À près de soixante ans, les enfants sont déjà grands, la maisonnée tourne toute seule, Julie a beaucoup de temps libre. Elle décide de reprendre un peu les études, le baccalauréat. Elle s'inscrit aux cours officiels par correspondance. Son mari l'encourage en ce sens, estimant avec sa philosophie à quatre roues motrices que ça la tiendra occupée et qu'il l'aura moins sur le dos.

"Le ciel est ta limite, ma chérie", bâille-t-il en sortant sa tête d'un match de première division. C'est toujours mieux que les mots croisés ou le tricot, qu'il se dit.

Julie remplit un dossier de candidature et reçoit par retour de courrier la liste des livres à acheter, les cahiers d'exercice, les manuels.
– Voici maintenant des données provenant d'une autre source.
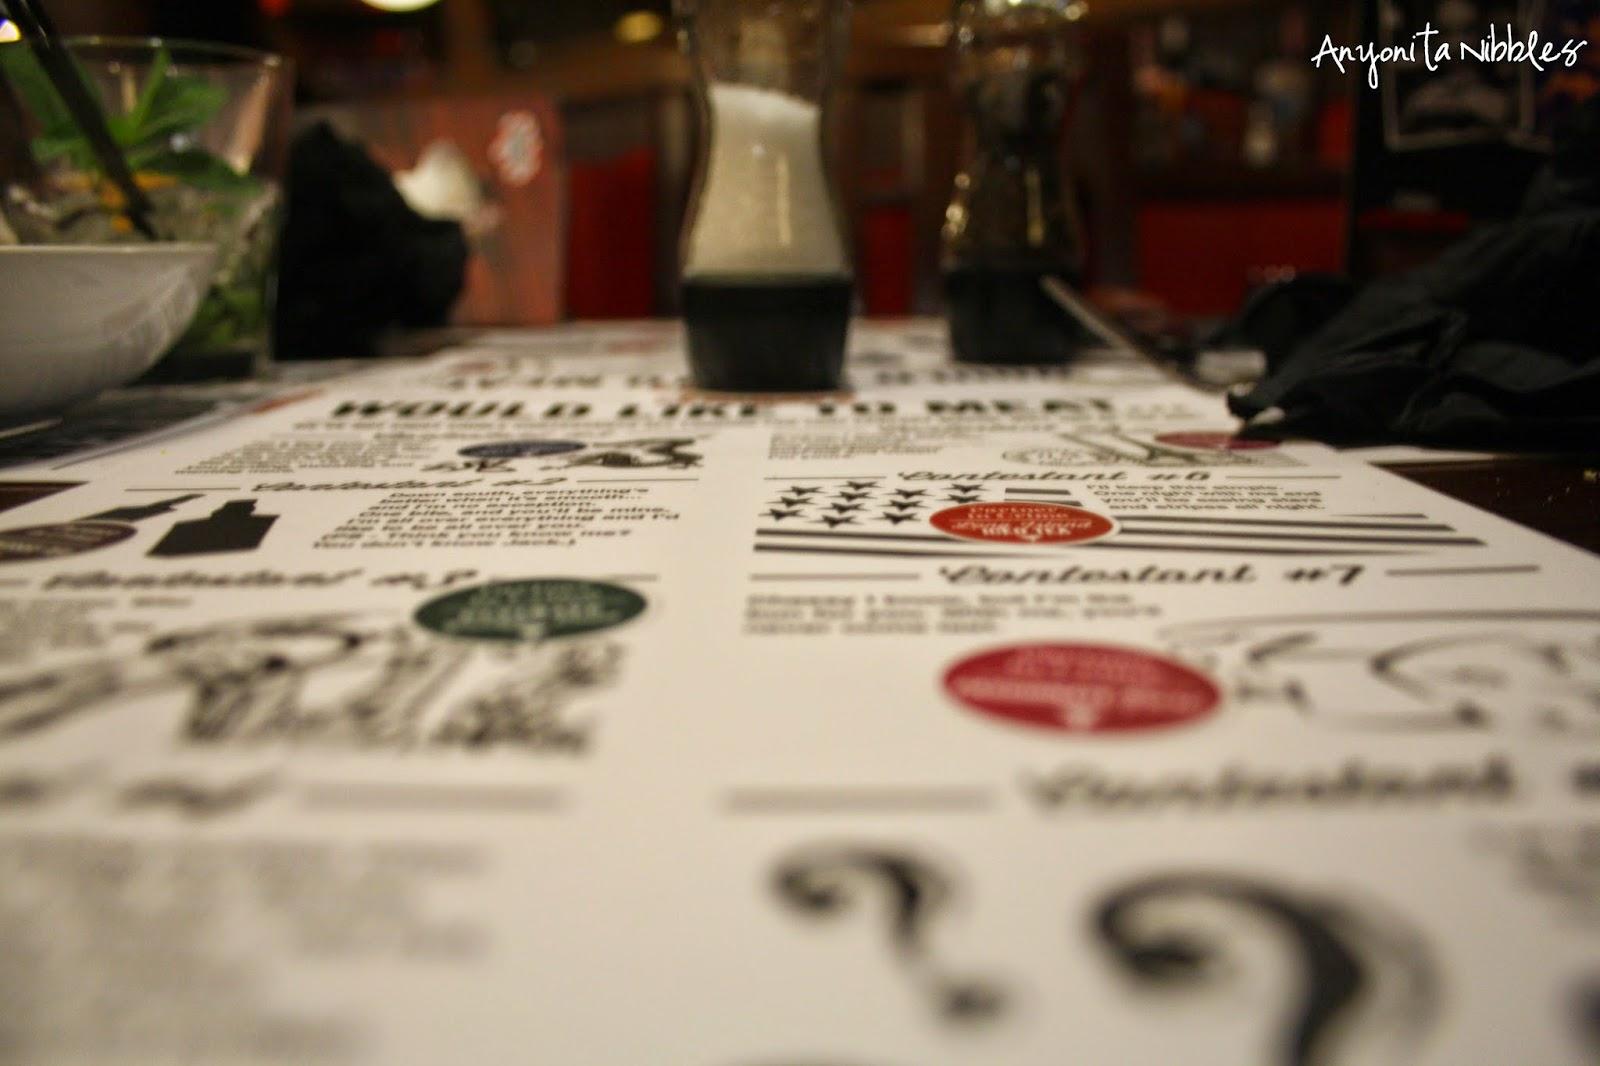 TGI Friday's Burger Blind Date Menu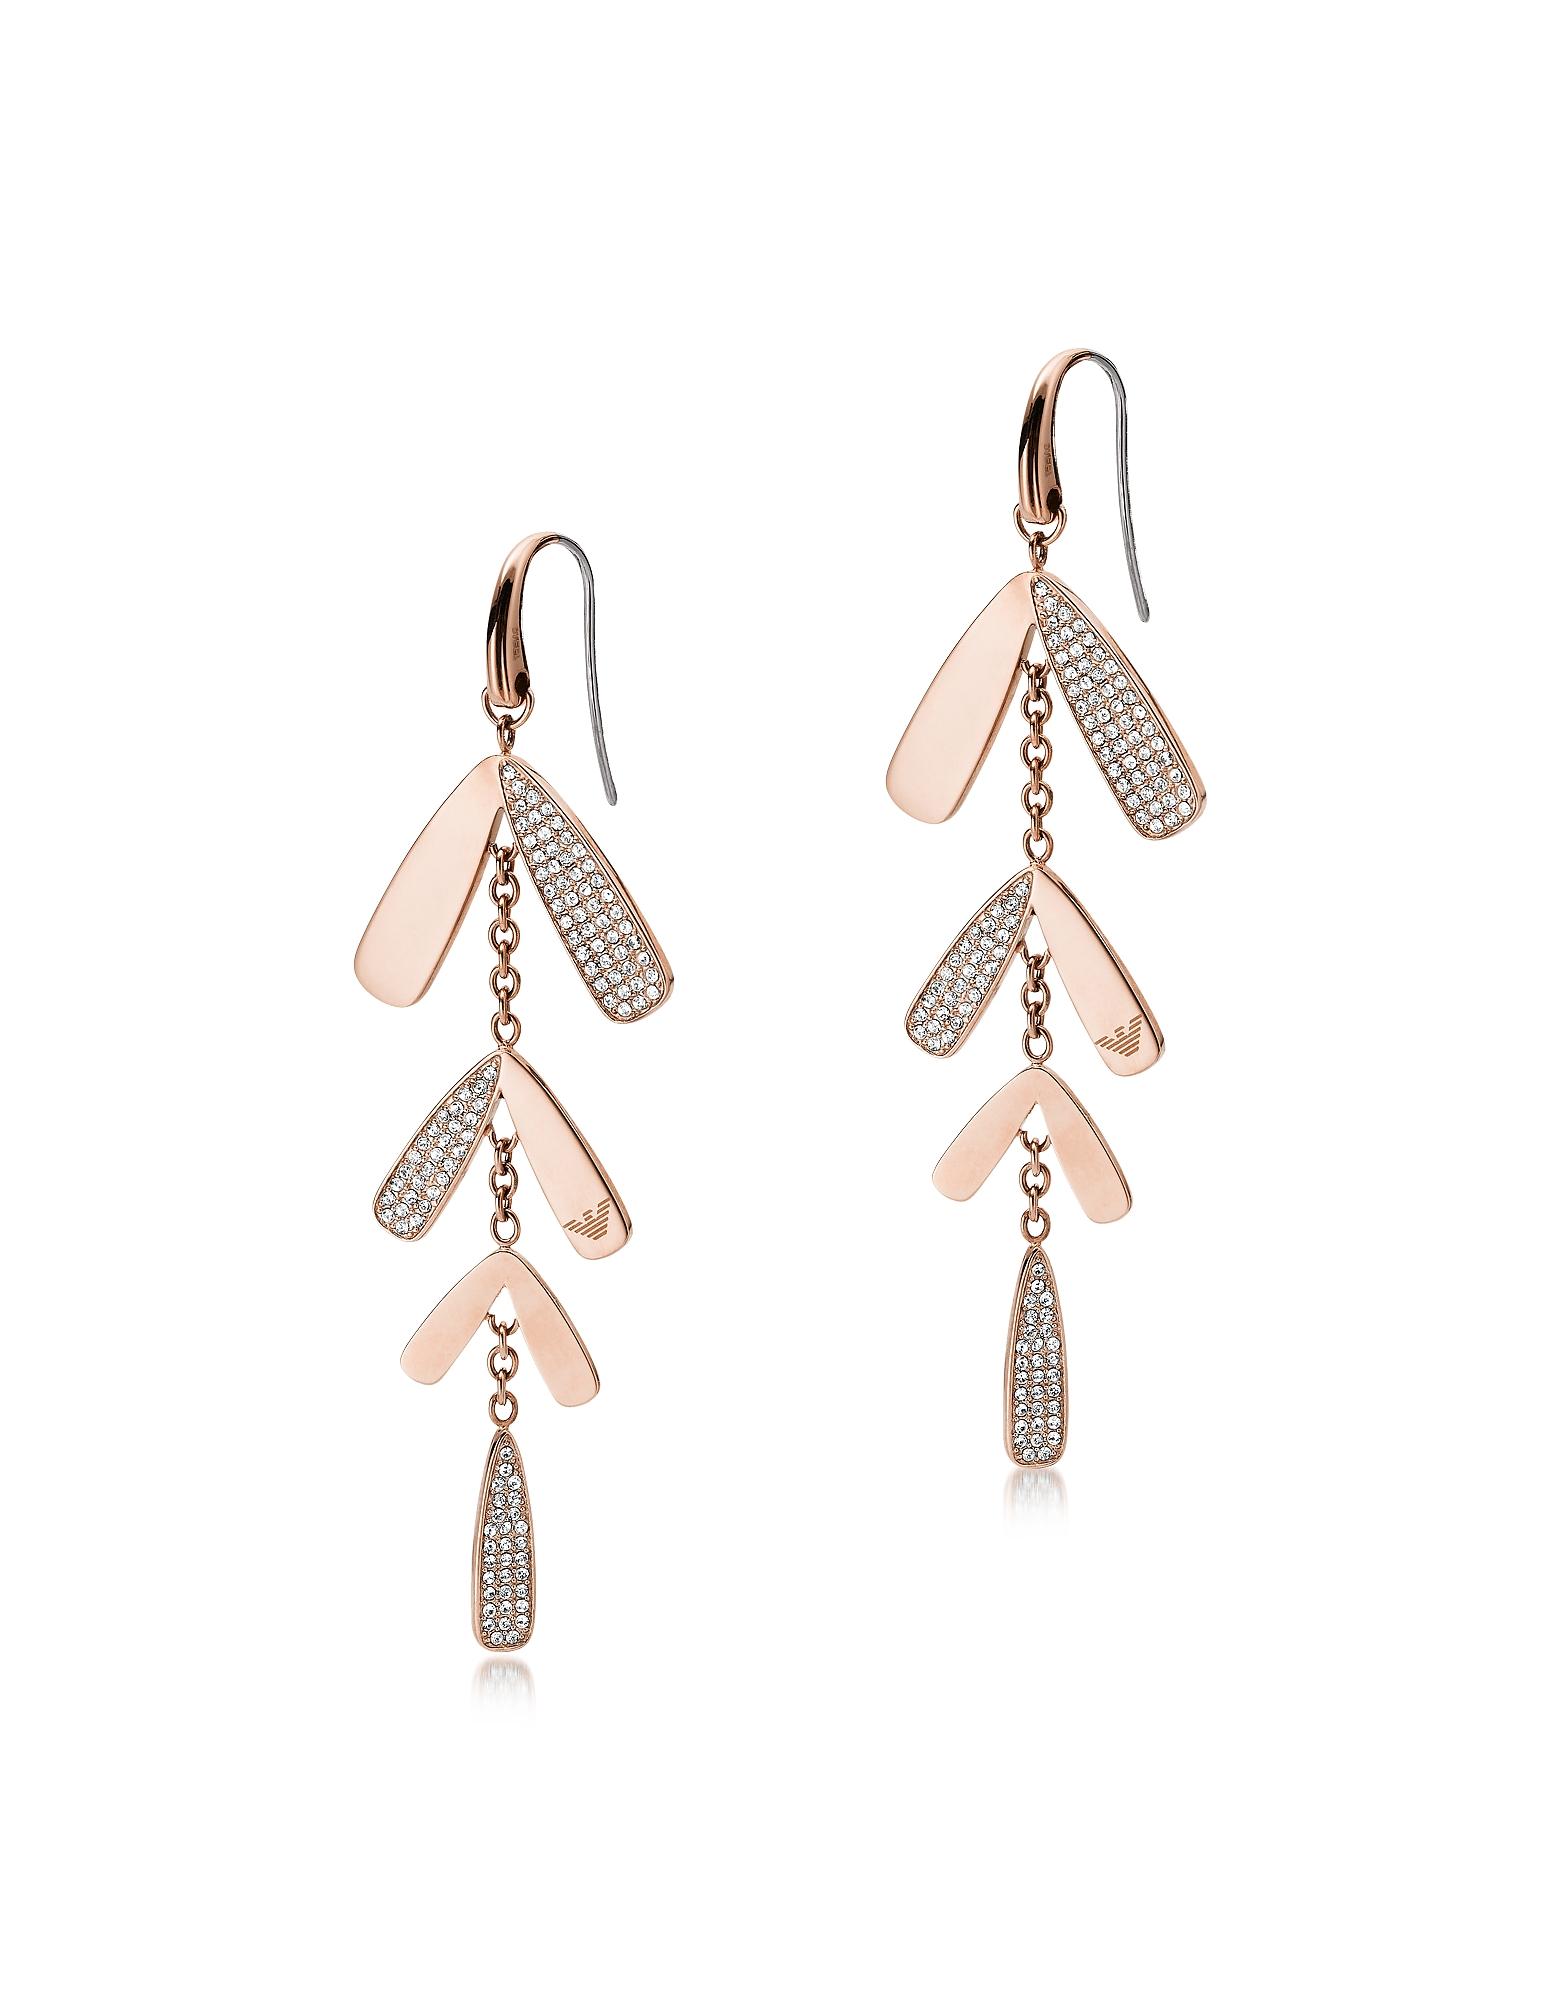 Abstract Leaves Drop Earrings

Vous, les enfants, vous avez déjà vos listes de fournitures pour l'année prochaine?»

Non, bien sûr, on les avait au dernier moment.

«Quand vous les aurez, surtout faites attention à ne prendre que des éditeurs connus, Hachette, vous pouvez, Bordas, pas de problème, vérifiez bien qu'il n'y a pas d'intrus, et si un nom vous semble bizarre n'hésitez pas à le signaler au rectorat. Julie ne s'est pas méfiée, elle a pris cette liste au pied de la lettre, résultat: elle est tombée dans un bien mauvais pétrin. Voici comment. Pour le manuel d'histoire, par négligence – ou malveillance – il n'y avait pas de références indiquées, ou plutôt si, mais c'était illisible, une faute de frappe très malheureuse, une certaine maison d'édition Natas, au lieu de Nathan, probablement.

Julie ne fait pas attention, elle va à la petite librairie-papeterie du centre-ville, elle tend sa liste au marchand. Il prend sa commande puis remarque:

"Natas, je connais pas comme éditeur. Doit être un nouveau. Ils nous en pondent tous les jours."

Tiens, c'est étrange, pense Julie. Ce nom ne lui dit rien non plus, malgré son expérience de bibliothécaire.

Elle ne fait pas plus attention que ça. Pourquoi voulez-vous qu'elle se méfie? Un manuel en vaut bien un autre, non? Peu importe l'éditeur, le programme sera toujours le même. C'est là qu'elle se trompe cruellement et nous verrons pourquoi tout à l'heure.

Quelques jours plus tard, elle reçoit sa pile de livres, le magnifique manuel de mathématiques avec un savant fou dessiné sur la couverture, mélange d'Einstein et de Copernic, jonglant avec des racines carrées, celui d'économie où Karl Marx est représenté se battant au sabre contre Adam Smith, celui de biologie où un spermatozoïde en nœud papillon fait "toc-toc" sur un ovule souriant comme une banque.